Village in North Yorkshire, England

Glasshouses is a small village in Nidderdale, North Yorkshire, England. It lies 1 mi south-east of Pateley Bridge on the east side of Nidderdale and has a recently rebuilt river bridge across the River Nidd. In 2019 it had an estimated population of 536.

==History==

Records about Glasshouses stretch as far back as 1386 and the name of the village is believed to have derived from the Old English Glas Hus, which translates as the place where glass was made. Whilst there is no firm evidence of this, it was believed that glass for Fountains Abbey was made here. In the 16th century, lead was mined to the west and transported to the hamlet of Wilsill (east of Glasshouses) for smelting and onward transportation.

Glasshouses Mill, on the banks of the Nidd, was constructed between 1812 and 1814. The mill was used to produce flax, then hemp and latterly, rope. Local rumour has it that the mill supplied rope to the White Star Line and most notably, Glasshouse rope was used on the Titanic. When the railway was opened in the valley, it was used to transport coal into the millworks to provide additional power other than that made by the waterwheel. In 1830, a milldam was built on the northern bank of the River Nidd and a millrace was added at the same time. The dam still exists and is capable of storing 10,000,000 impgal of water. The dam is not used to power a waterwheel anymore, but is used for recreational purposes; fishing, skating in winter and water sports in summer.

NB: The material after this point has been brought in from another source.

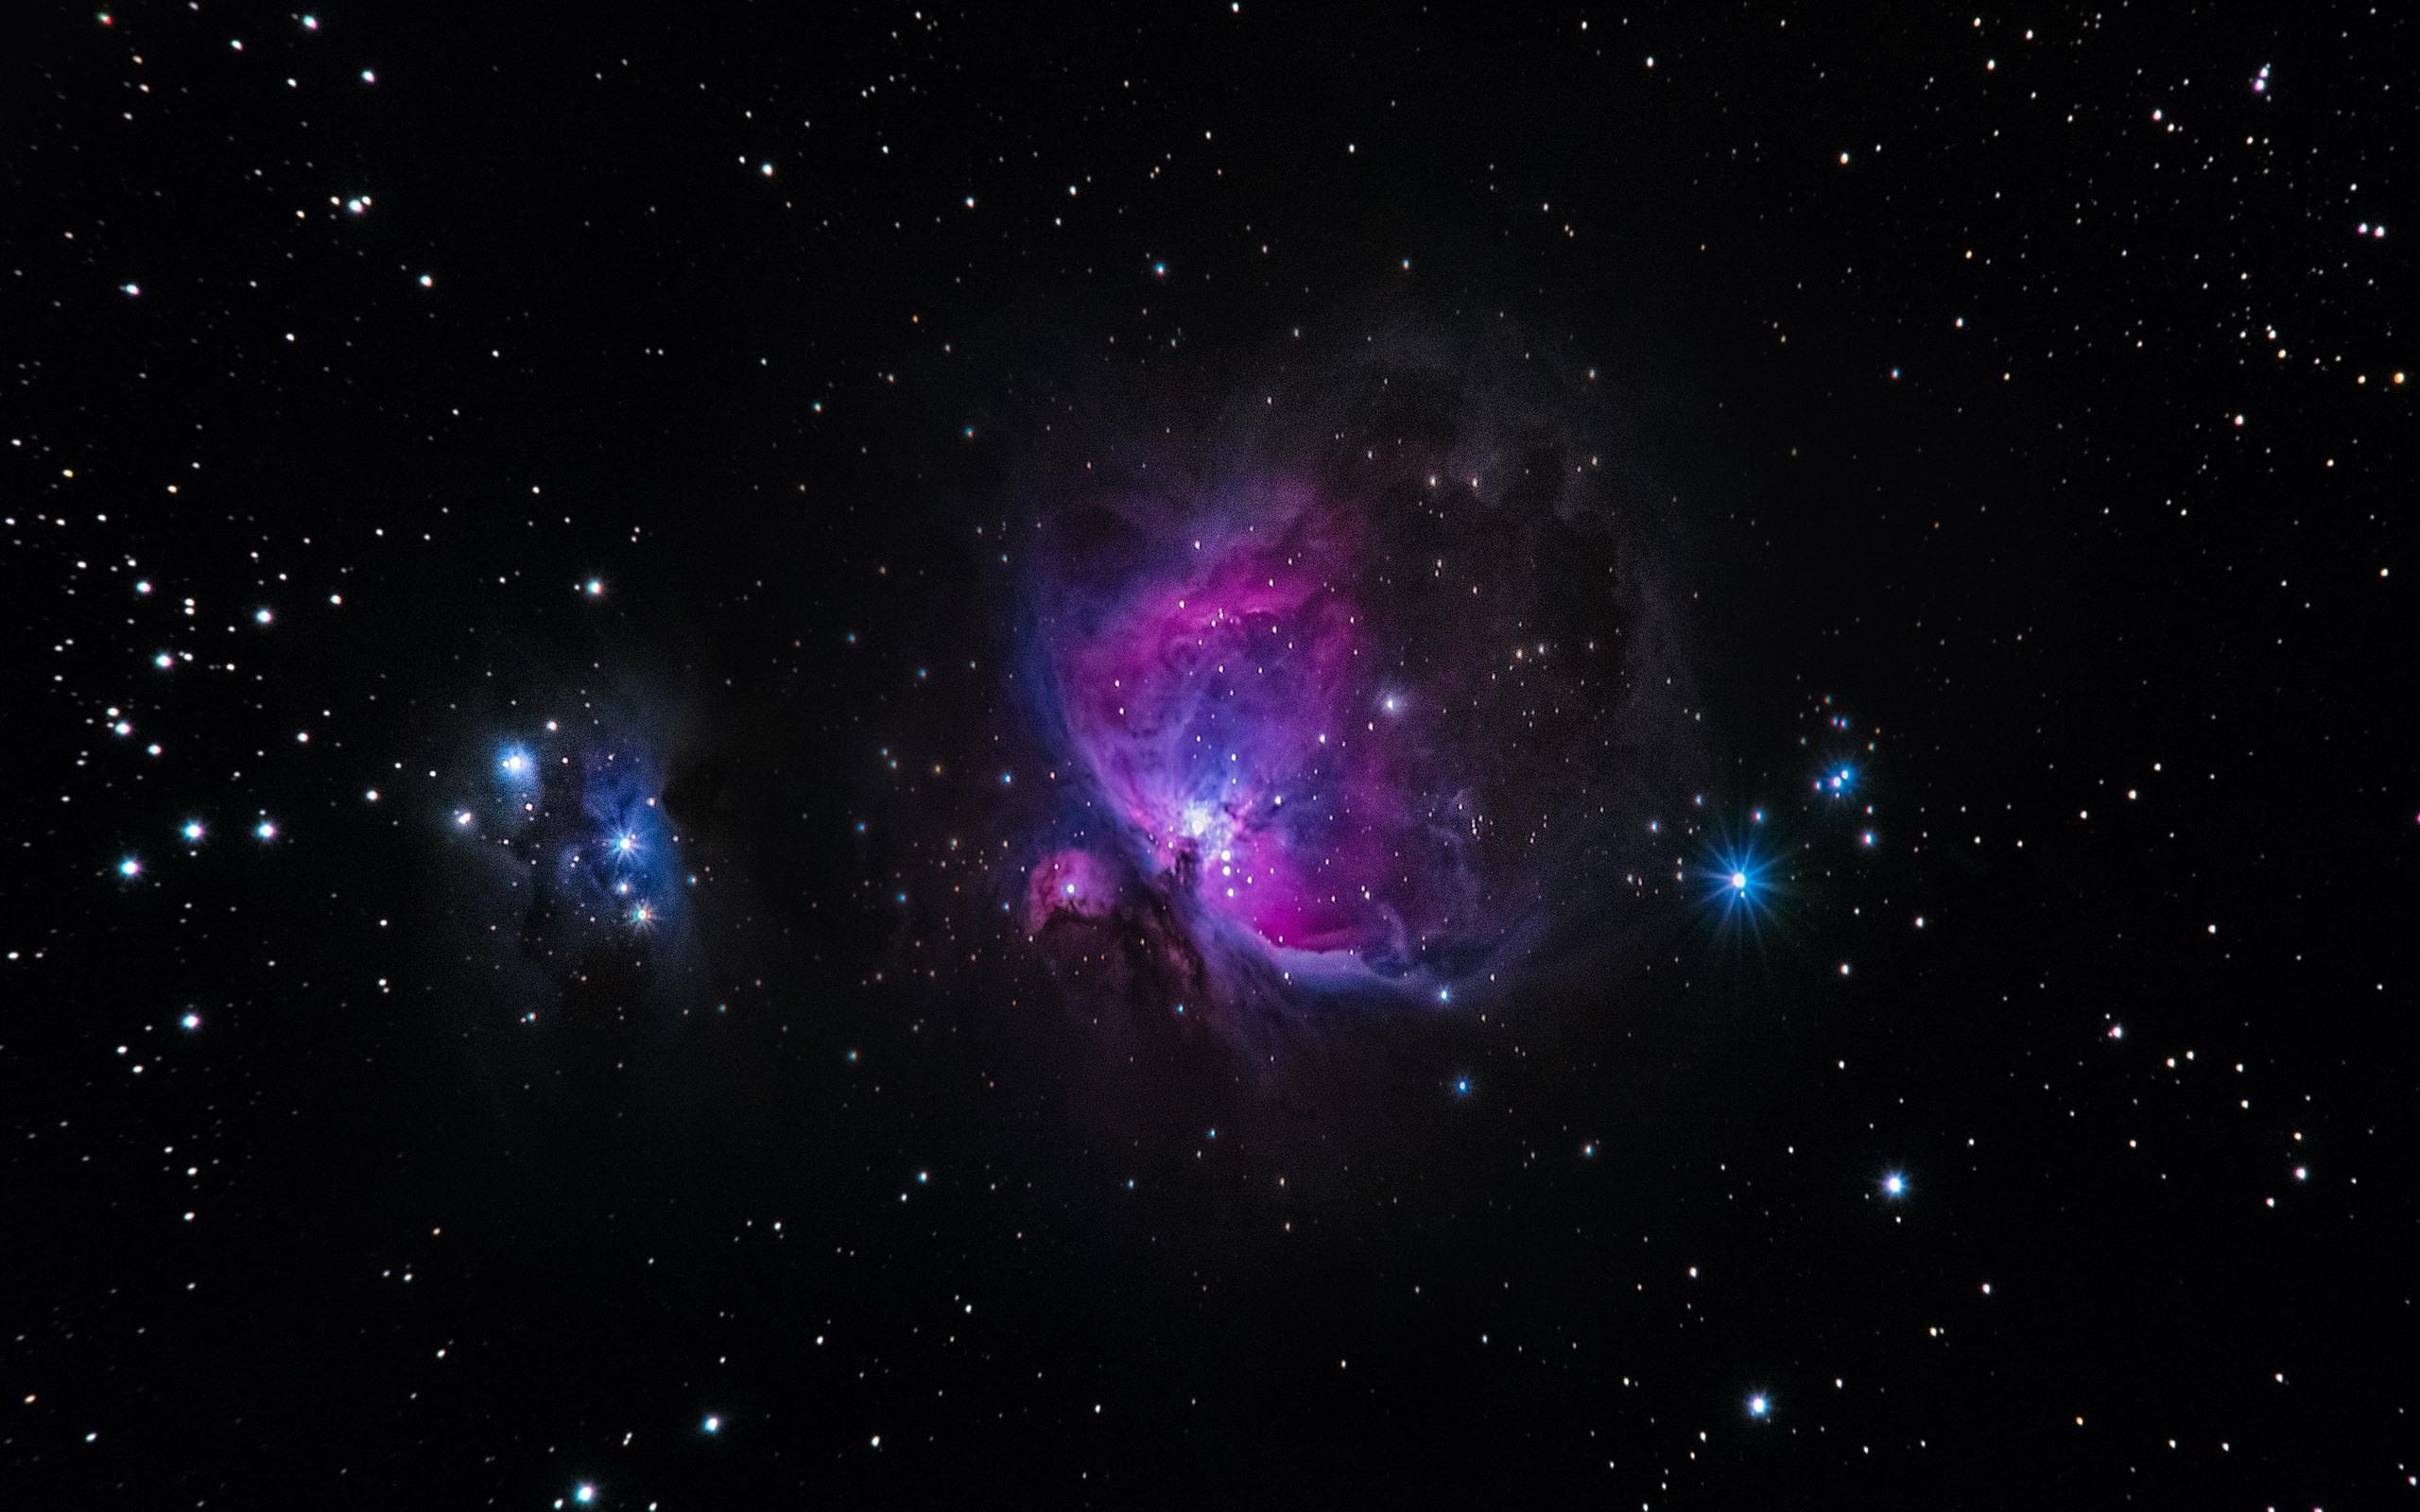 壁紙 銀河 星 宇宙 紫 5120x2880 Uhd 5k 無料のデスクトップの背景
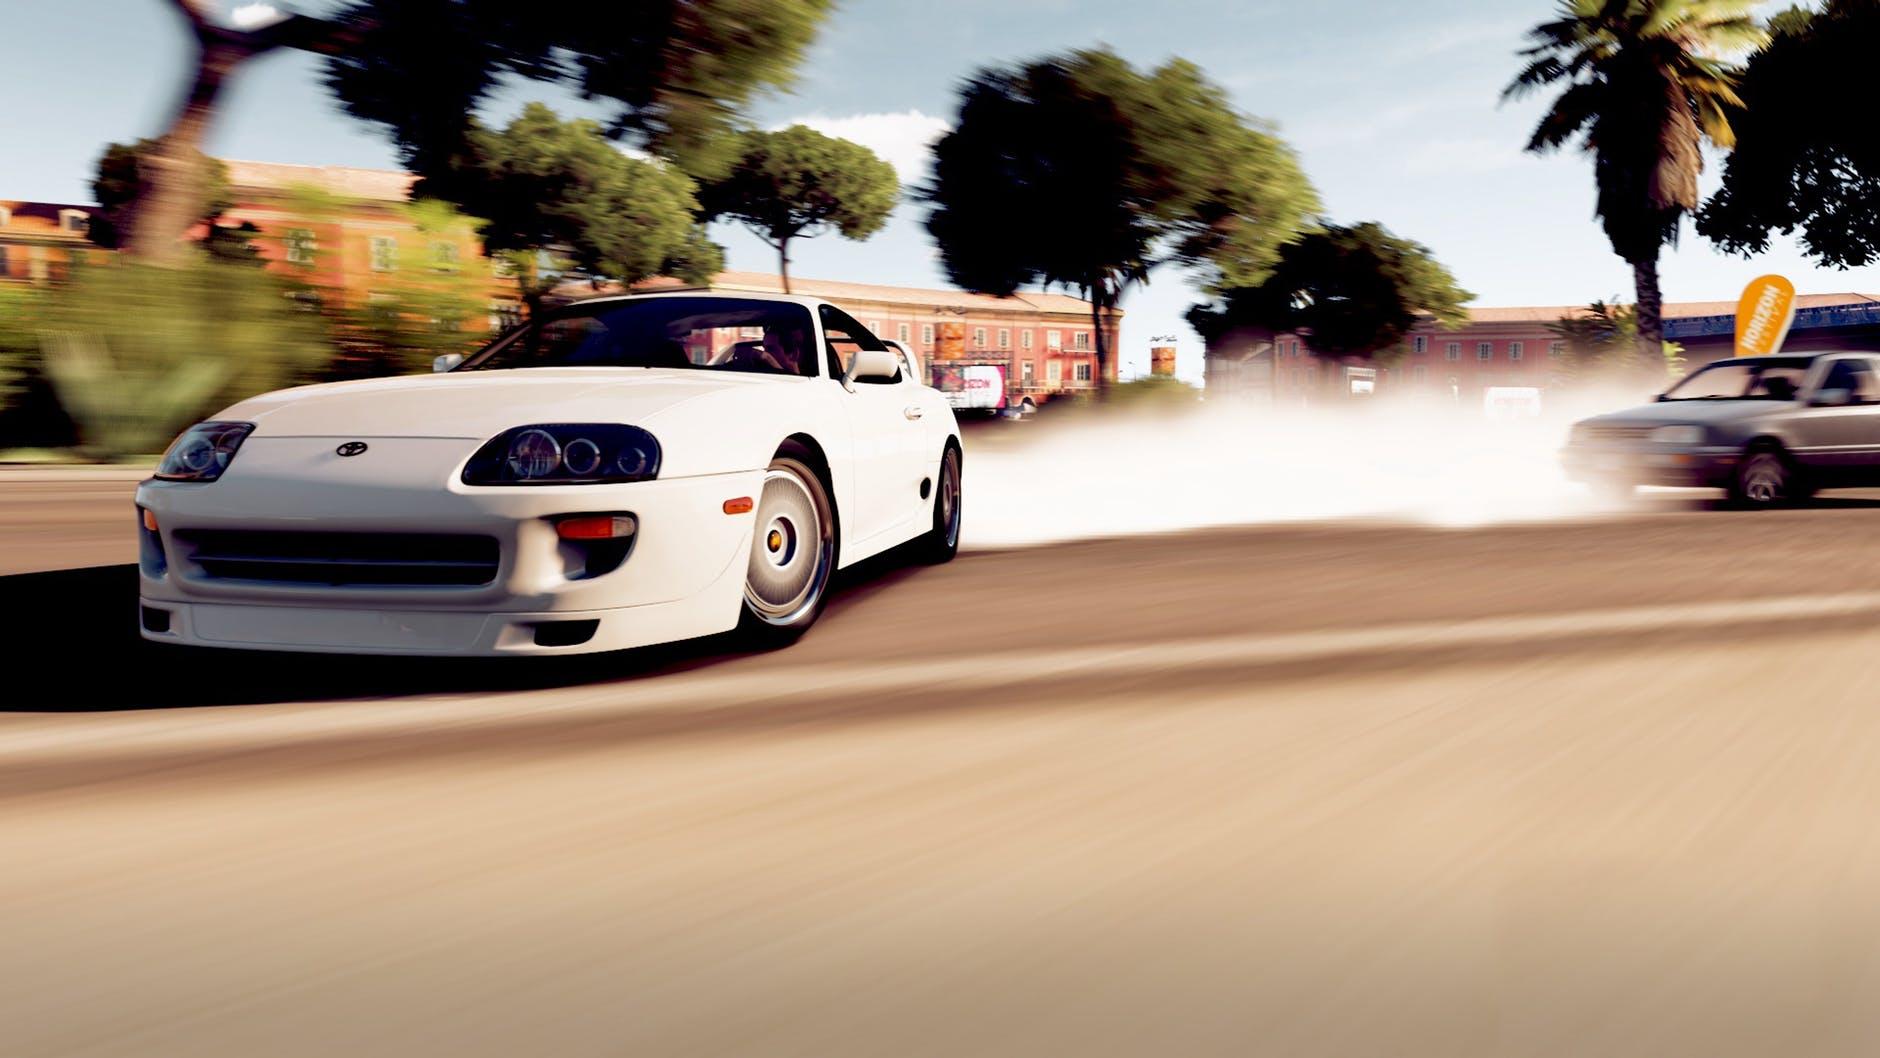 action asphalt auto racing automobile

The mill was built by the Metcalfe family, who sold the business in 1907 after financial trouble. The mill continued until 1972 when production ceased and it was occupied by numerous small businesses. In 2017, it was announced that the grade II listed building would be converted into housing.

The Metcalfe family were also responsible for building the school in 1861. The building still stands and now operates as the village primary school. Glasshouses Community Primary School was rated as being 'Good' by Ofsted in January 2017.

There is a public house, The Birch Tree Inn, on the main Harrogate to Pateley Bridge road just outside the village in the neighbouring hamlet of Wilsill.

May day is celebrated every year with traditional May Pole dancing and the crowning of the 'May Queen' on the village green.

==Transport==
Glasshouses lies just 1 mi east of Pateley Bridge. Both Glasshouses and Pateley Bridge are linked by the B6265 road which travels down the valley to meet the A61 road at Ripley. There is a regular bus service on the road between Harrogate and Pateley Bridge.

Whilst the Nidd Valley Railway went right through the village, no station was built in Glasshouses. The mill and gas works complex shared a siding, primarily for the inward transportation of coal.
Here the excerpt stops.